Just a few short months ago, on November 1, 2022, Orleans Parish District Attorney Jason Williams went before the New Orleans City Council and requested his office budget be increased by at least $4.4 million in 2023 – the Crescent City’s highest budget ever for their local prosecutor’s office.
Williams defended this record amount with a promise that if the taxpayers invested in his office, New Orleans would no longer be the murder capital of the country. Yet, the New Orleans Advocate recently highlighted how federal gun prosecutions have surged<> in response to New Orleans crime. So what exactly are residents receiving from the DA for their generosity?
The failed leadership of Orleans Parish will likely argue that violent crime is at an all-time high everywhere and that the federal government stepping in to take over cases is not unusual; but those political soundbites do not align with reality. In fact, federal prosecution of gun crimes has decreased by 11% across the country while those in Greater New Orleans has required an 85% increase. To better understand the void that the U.S. Attorney’s Office for the Eastern District of Louisiana is working diligently to fill, a few recent cases might highlight why the Big Easy is being singled out – nationally – for federal intervention.
Consider this: before 73-year-old Linda Frickey bled out in the street after her brutal carjacking, DA Williams dropped previous carjacking charges against one of the teens accused of her senseless murder. He also refused armed robbery charges against the alleged carjacker who attacked a woman outside of Costco – fracturing her skull, face, and neck. He refused multiple domestic abuse charges against Czar Nicholas, who was later arrested for shooting and killing a woman on Canal Street.
One of the alleged murderers of 12-year-old Derrick Cash was previously arrested on numerous gun charges but released after the DA failed to file formal charges within the legal time frame allowed.
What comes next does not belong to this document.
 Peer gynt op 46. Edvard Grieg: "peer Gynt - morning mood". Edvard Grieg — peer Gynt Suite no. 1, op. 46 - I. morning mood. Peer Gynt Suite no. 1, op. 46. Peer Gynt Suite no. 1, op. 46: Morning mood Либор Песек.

Camron Bryant was indicted on a litany of charges related to an armed robbery crime spree after the DA let him walk on charges of Attempted First Degree Murder. What’s more: over 880 people were arrested and let back on the streets after the DA failed to make screening decisions on some 1500 charges. Of that number, 50 were considered violent criminals and 250 were considered domestic abusers. Even more crime victims were created by ineptitude in Orleans Parish.
But the problems are not isolated to just the City. What happens in Orleans affects all parishes, with gun crime climbing up and across the boot like a rabid dog. We are a State of 4.5 million people; yet three of the top ten most dangerous cities in our country are right here. We are #1 for murder; #2 for property crime; and until we get some legislation with real teeth that can specifically address this problem, we will continue to hemorrhage as a State.
Thankfully, U.S. Attorney Duane Evans has stepped in for the sake of our citizens left at the mercy of incompetent elected officials in Orleans for far too long. I have offered my assistance in the U.S. Attorney’s valiant efforts.
We were successful in similar endeavors in Northeast Louisiana. In 2018, when gun crimes were soaring in Monroe, we collaborated with the U.S. Attorney’s Office for the Western District of Louisiana to increase arrests and prosecution. As a result, there was a 44% decrease in violent crime within two years. We hope to do the same for New Orleans.
I recognize this federal intervention is a band-aid, not a long-term solution – especially when the crime catastrophe in Orleans, by the numbers, is worse today than after Katrina. But that is why we must work together to solve this issue, from our communities all the way to the capitol. I am ready and willing to solve this problem; but like any emergency situation, we must first stop the bleeding.